Mental health assessment, Digital questionnaires, Machine learning, Natural language processing

Abstract

Common mental health issues such as depression and anxiety are leading casuse of disability globally. An early and accurate assessment enables people to receive the right care sooner and reduces long-term harm. This paper presents an overview of traditional questionnaires and interviews and explains how new computer- based methods allow for faster, more accurate, and more scalable assessments. Clinician interviews (such as the SCID) are still the reference standard but require time and trained personnel. Self-report instruments (PHQ-9, GAD-7, HADS, K10) are quick and well tested and therefore useful for screening and monitoring. Transferring these tools to phones and the web enables remote use, autoscoring and tracking over time but has demanding privacy and security appended to them. Computer adaptive testing (CAT) can reduce the length of the questionnaire by selecting the most informative questions for each respondent, thus achieving high accuracy at low respondent burden. New approaches use language and data science. Natural language processing (NLP) can be used to analyse short free-text answers and capture numerous details that fixed response options might miss. Computational models which are machine learning based (like support vector machines, random forests, neural networks) can take into account questionnaire score, text and electronic health record data to identify risk, recommend triage and monitor treatment.

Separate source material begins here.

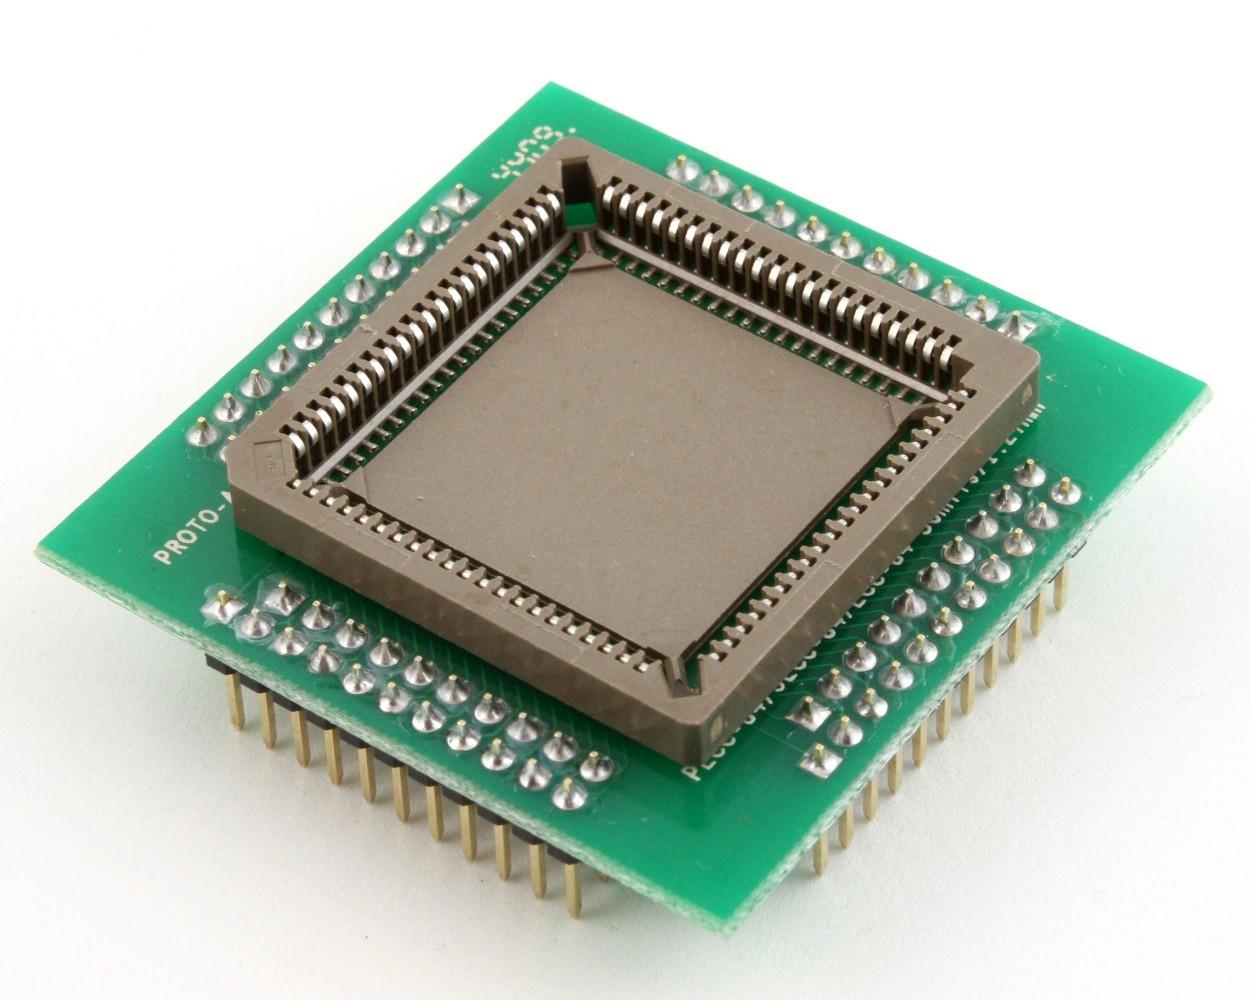 PLCC-84 Socket to PGA-84 Adapter (1.27 mm pitch, 30 x 30 mm body 0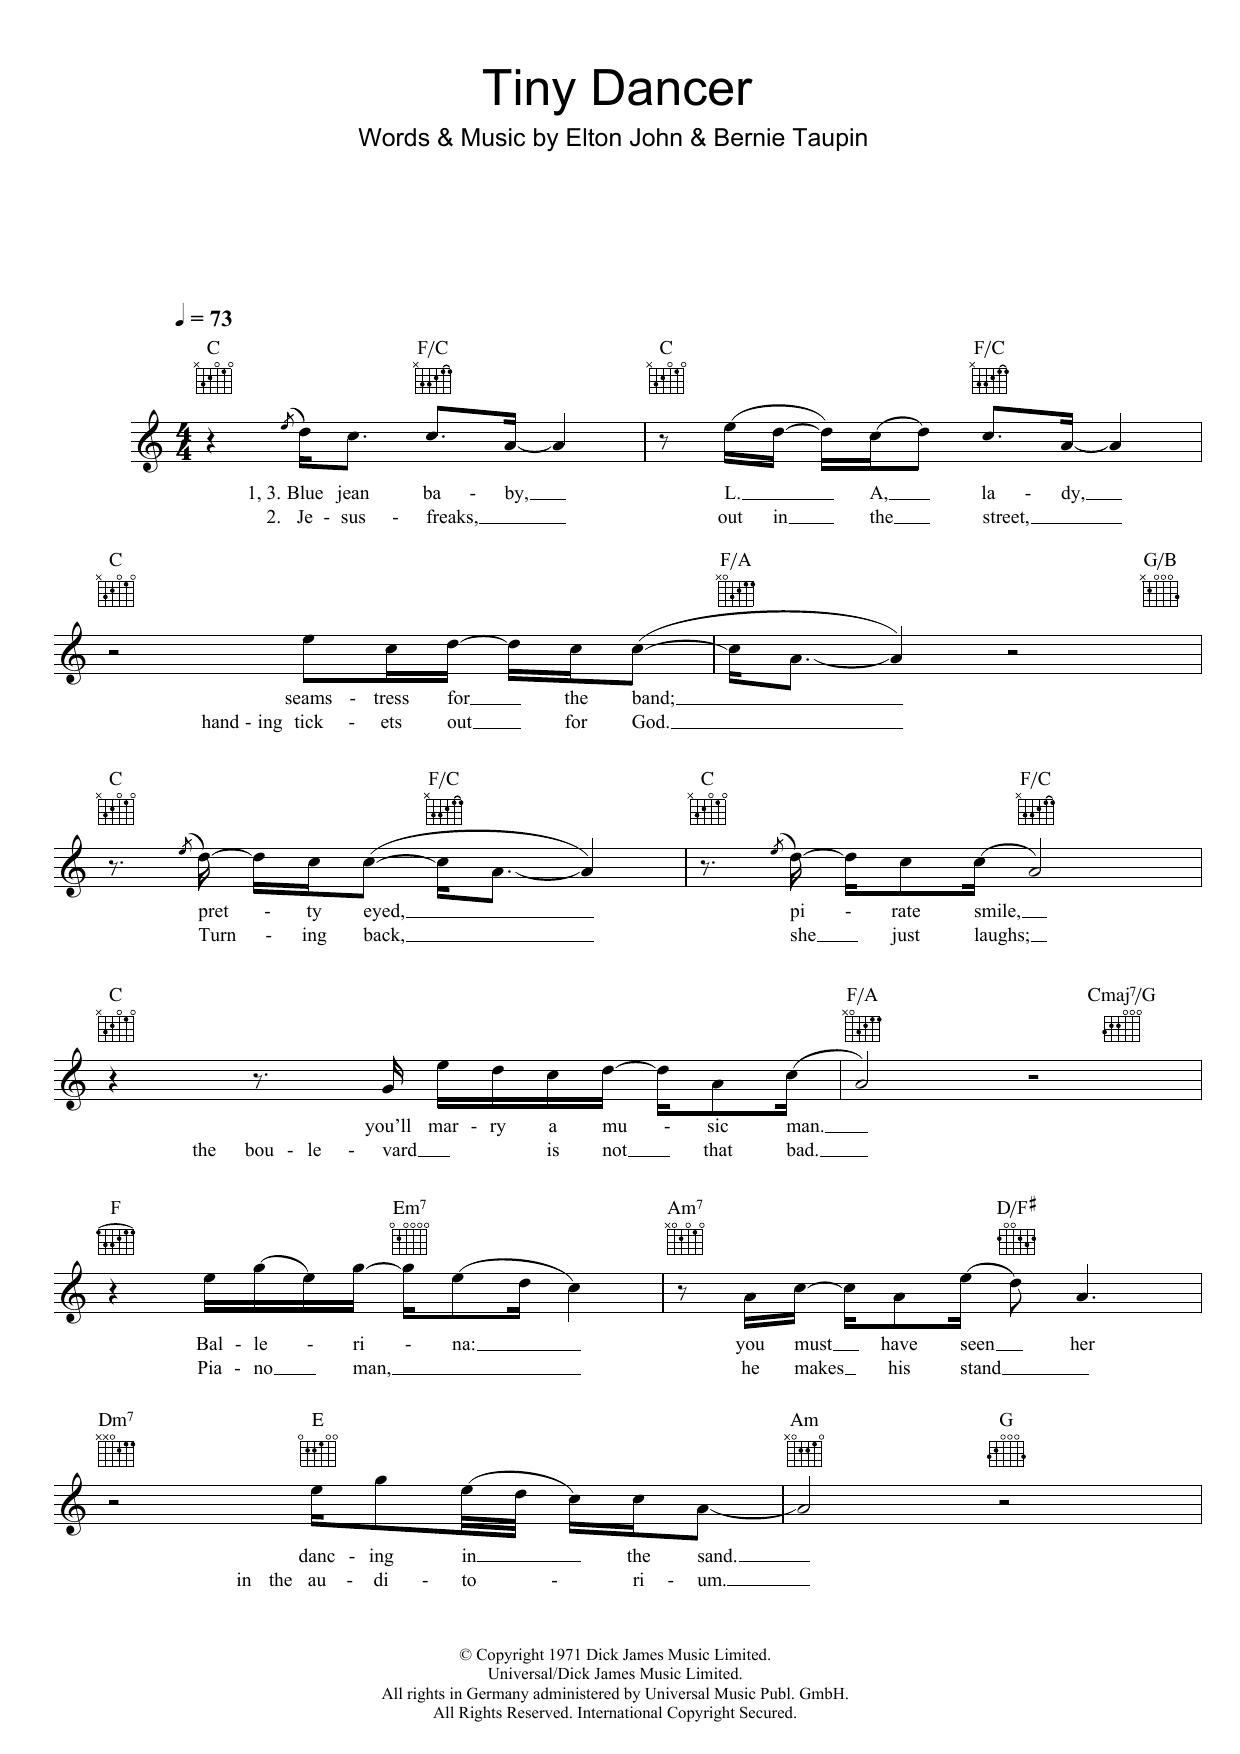 Tiny Dancer Sheet Music

These tools should be transparent and tested in new settings for fairness because bad data can damage under-represented groups. We must also tackle hindrances to accessing the digital world, like the internet and skills. Clinical judgment shouldn’t be replaced by computational methods but supported. A helpful strategy is to choose relevant tools, digitize with a privacy- by- design focus, combine computer-aided translation (CAT) with free-text modules, develop models with clear reporting and strong validation and fairness checks, and embed outputs into routine clinical workflows. Future work should adapt and personalize screening, join text and speech and biosignals, push cross-cultural testing further, and adopt shared datasets and reporting standards..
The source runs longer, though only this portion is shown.